July 18, 2005

Hey! Missy! Looky!

The only thing for Westerners to do here on a Saturday is shop, so that’s what I did. I couldn’t have managed it without my local guide, a Taiwanese girl who lives here and speaks fluent Mandarin. We had been out the night before to a Teriyaki restaurant, and both had sore heads on Saturday morning; she swore the best thing for it was more Japanese food, so that’s what we did first.
Then she made a telephone call to the Secret Apartment, where she takes all visiting colleagues from the UK and America, to buy handbags and watches with dubious designer labels…
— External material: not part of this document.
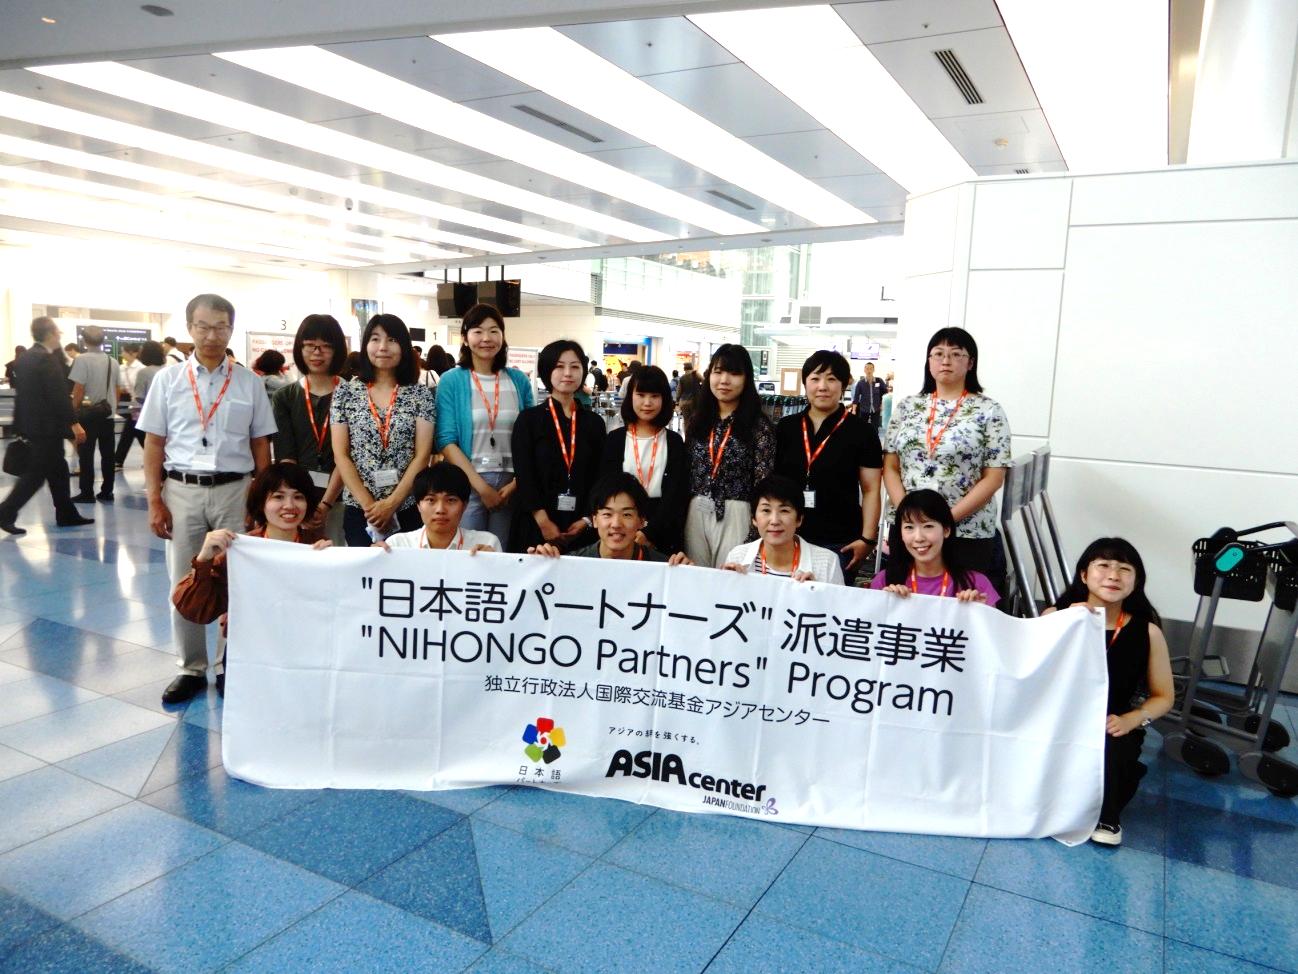 アジア 基金 国際 センター 交流

We met another colleague, and then Taiwanese colleague had to go off on an emergency errand, leaving me and Chinese colleague to browse through an amazing selection of belts and bags and other leather goods. She had given us guideline prices, so when we had piled up everything I wanted, we decided on what we considered to be a good price, which was RMB600 [remember, 15 to the pound].
The Secret Shop’s Secret Assistant rattled the prices she had decided on into her calculator, and came up with a figure around RMB3000, at which point Chinese colleague started to argue. She had never been to the Secret Place before, and she was terrified, but she argues like a good ‘un, and we eventually walked out. This is what you do. Secret Assistant followed us to the lift, and I raised the price to RMB700. Chinese colleague was disgusted with me. Secret Assistant begged me for a little more so I said 750, at which point the lift arrived and we got into it. I gather this is all part of the proceedings, and I needn’t have gone up to 750; in fact it would be better if I hadn’t, because among the many counterfeit items in the Secret Apartment, were the counterfeit RMB50 notes – which was what they gave me in change.
Nonetheless, I’ve got 2 watches, 2 handbags, 4 purses, a belt and a silk tie, all with very good fake brand labels, for fifty quid. We left the Secret Apartment feeling like we had been had, and met up with Taiwanese colleague again; she reviewed the haul, and said I hope you didn’t pay more than RMB1000 for this. Very pleased with our handiwork, I can tell you.
We crossed the road (which is a horror story in itself), and went into Lohou Commercial City – like a giant indoor market crammed with little stalls selling all kinds of tat. As we walked through the aisles, all the shopkeepers called to me Hey! Missy! Looky! and offered their wares: watches, dvds, silk scarves, manicure-pedicure-massage, everything under the sun.
We shopped and shopped until we could shop no more, then went for more food. I had my first chopstick disaster, when I dropped a dumpling into a bowl of oil and soy sauce: splat.
I’ve taken lots of photos today – you will have to wait until I get back before you can see them.

Karen

5 thoughts on “Hey! Missy! Looky!

  1. Sounds not to dissimilar from parts of Africa. Well except for the chopsticks.

  2. Karen, if you can go shopping and find me a particular version of a pirate dvd of Revenge of the Sith, I will be your bestest friend ever. (The particular version being here

  3. That’ll fit in the suitcase nicely alongside the 20 or so DVDs, watches, items of leatherware you’ve already been asked to bring back by your colleagues. Mine’s a pint.

  4. Hey if you’re taking requests you can bring me back some smut. 🙂
    Don’t forget you need to bring a gift to the SABB so Chinese tourist tatt would certianly make a good gift.

  5. No I’m not taking bloody requests. I’ve already got a full rucksack, thank you.